That really shines a lot of light on the Protege method. It should be part of the "quickstart" blurb.

One suggested improvement; I really had to study the sheet to see where the 1.001 came in.

One question:
You show 141.85, 141.86 and 141.87 turns. I guess that is skilful eyeballing. It sounds tough to estimate within .82" (82 inch circumference of wheel/100) as the contact point of a tire.

Steve
I have said it many times over the years but I will say it again for new entrants like Stephen, who are not set in their ways: there is no need to convert any counts or revolutions to meters or inches during certification and therefore no need to use spreadsheets or measuring tapes. The official method of processing results gets the right answers, but it is an inelegant way of doing things. Just getting the right answers was not good enough for my maths teacher of 55 years ago. He only gave full marks if you used the most elegant methods or proofs.
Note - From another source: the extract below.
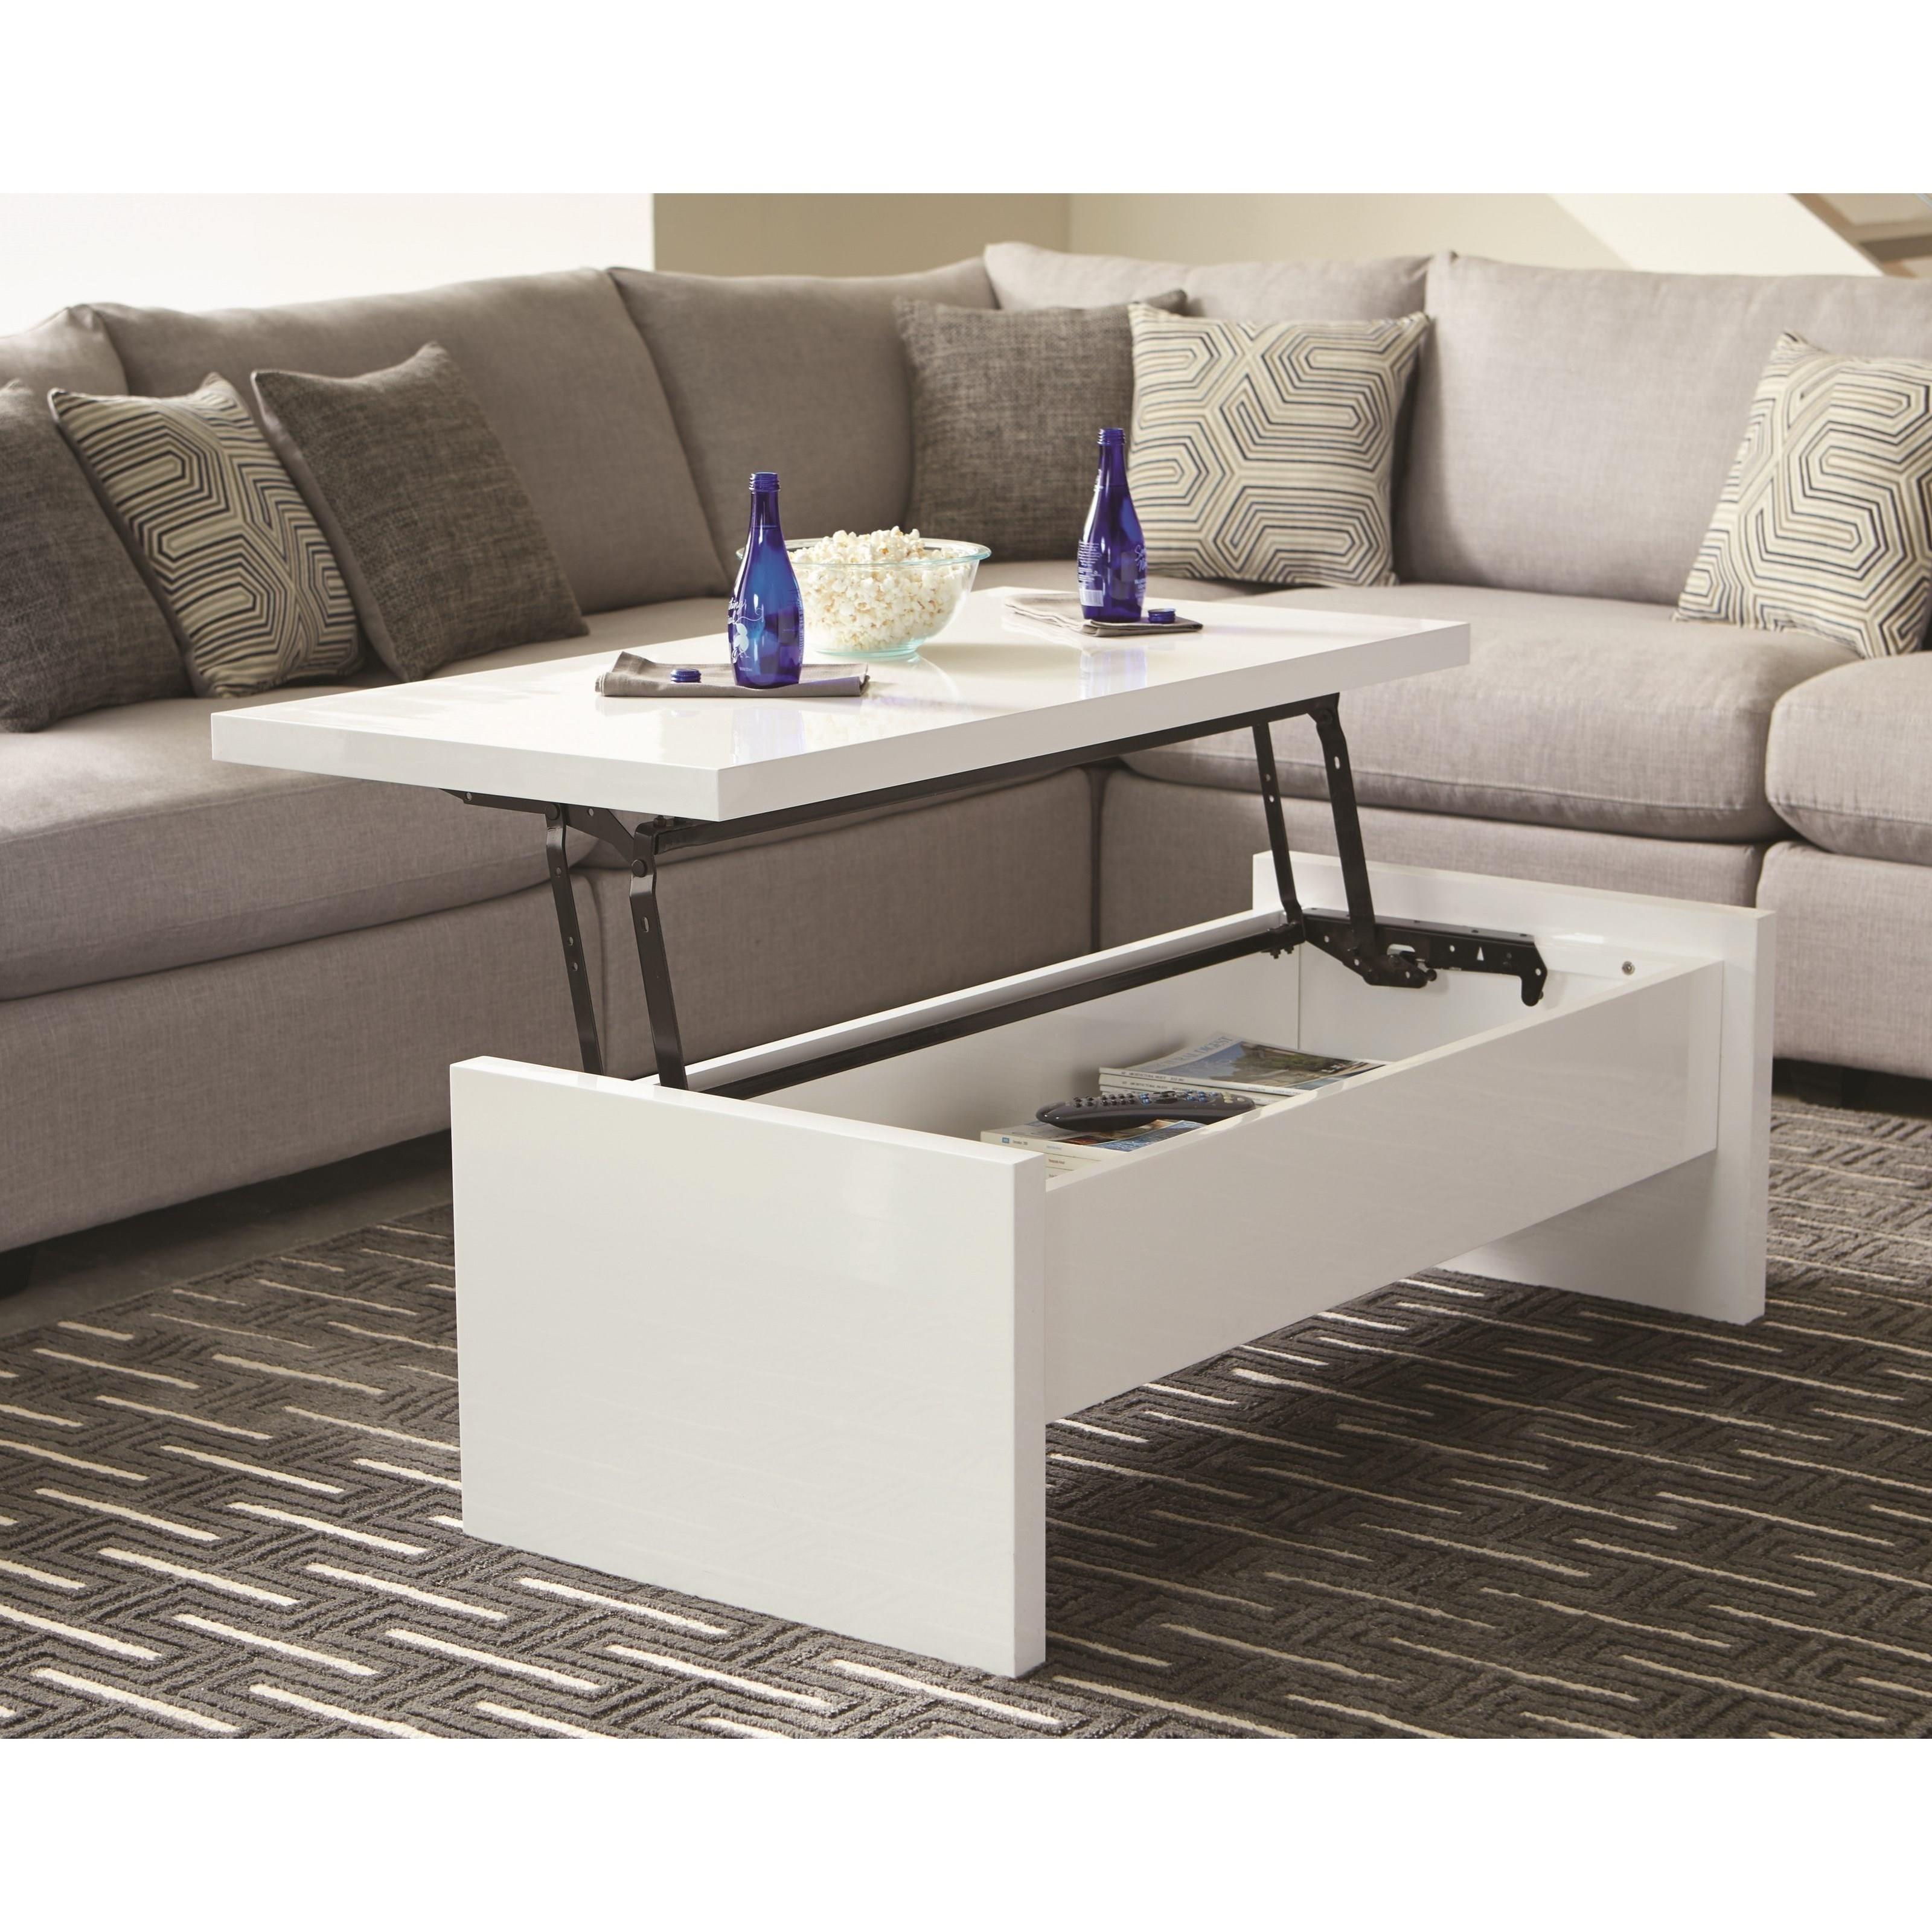 Scott Living Modern Coffee Table - Item Number: 721248

Take the following example of calculations in certification of a 5-km course with 1-km splits. (Mile splits are only slightly more complicated.) I assume that tire pressure or temperature increases only slightly from beginning to the end of measurement:

400-m calibration crse: 191.57, .55, .58, and .58. Ave: 191.57

Calib factor = 191.57x1.001/0.4 = 479.40 rev/km = 2397.02 rev/5km

The first ride was for 2397.02 rev to locate a temporary finish line. In the second ride, splits were located at intervals of 479.40 rev with zeroing before each split. The temporary finish line gave a reading of 479.20, so the second ride determined the final finish line.
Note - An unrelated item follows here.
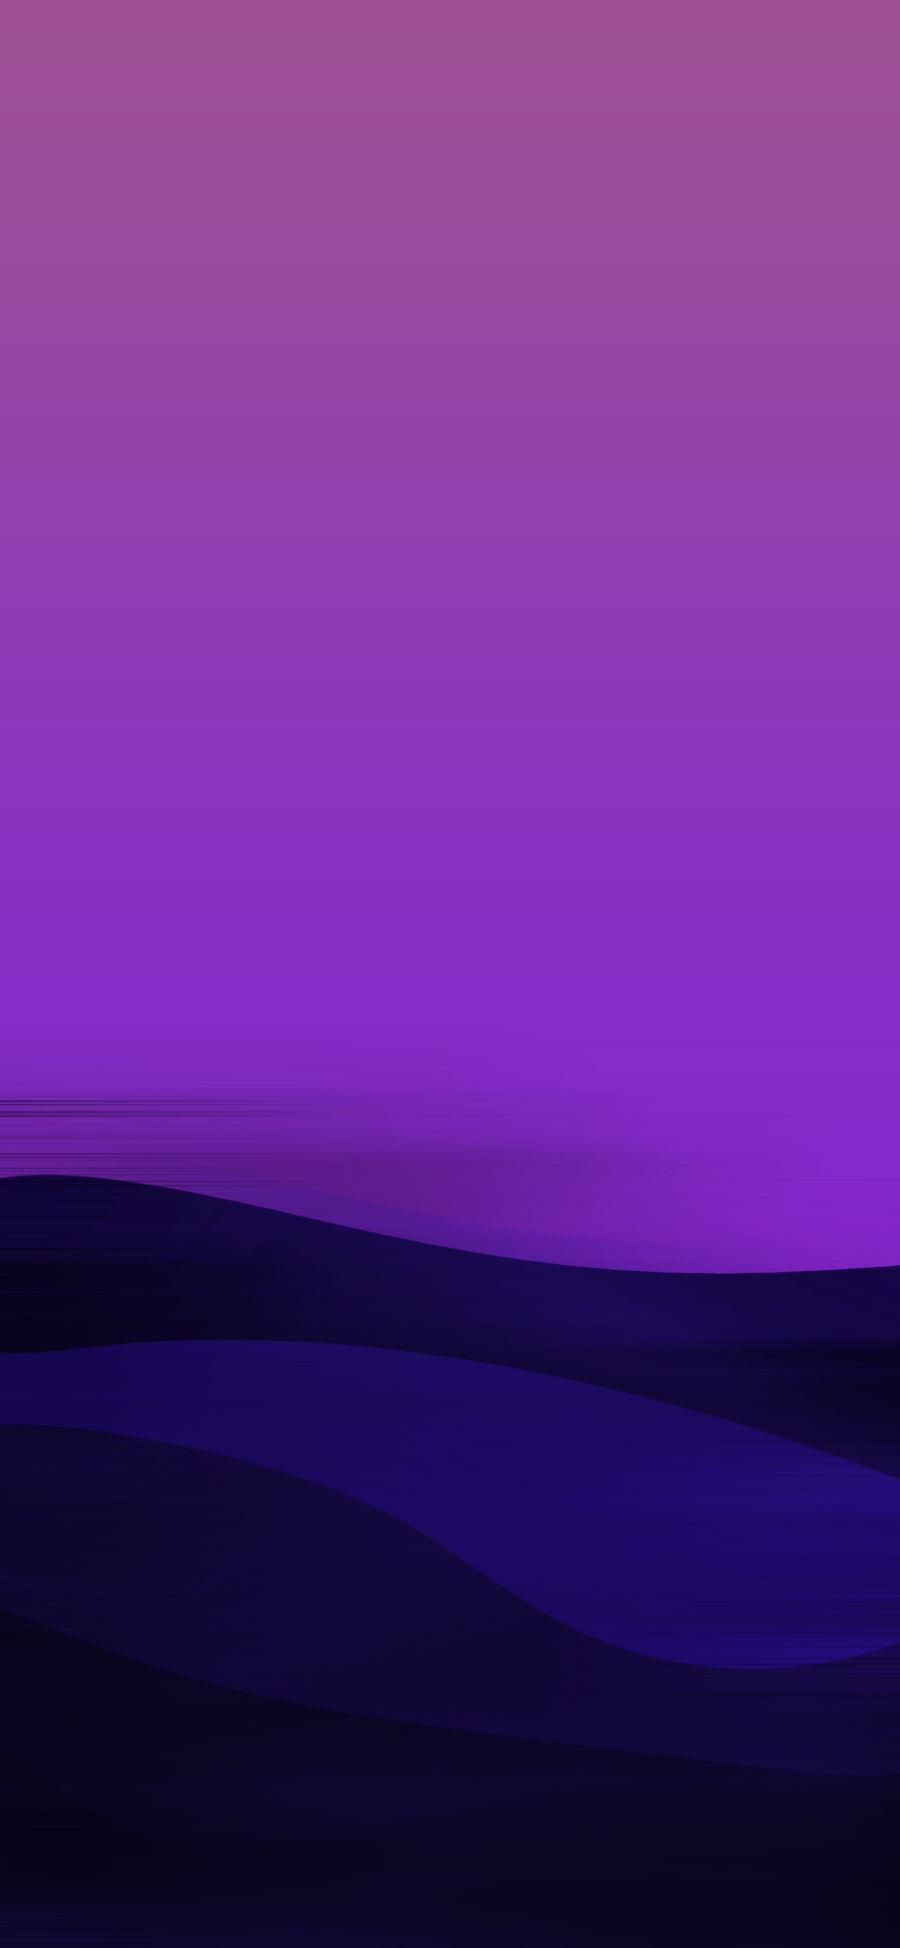 Iphone Xs Max Wallpaper Sunseblu By Janosch500 On Deviantart

Although calculations are very simple even when factoring in tire pressure and using mile splits, I have programmed my hand-held calculators to do them after entering the calibration rim readings in hundredths of a rev (ie: 57, 55, 58, and 58)
Neville,

Maybe the spreadsheet is not needed for the guy who does the measuring, but it, or a hand-arranged simulacrum, is certainly needed when sending the data to a certifier for review.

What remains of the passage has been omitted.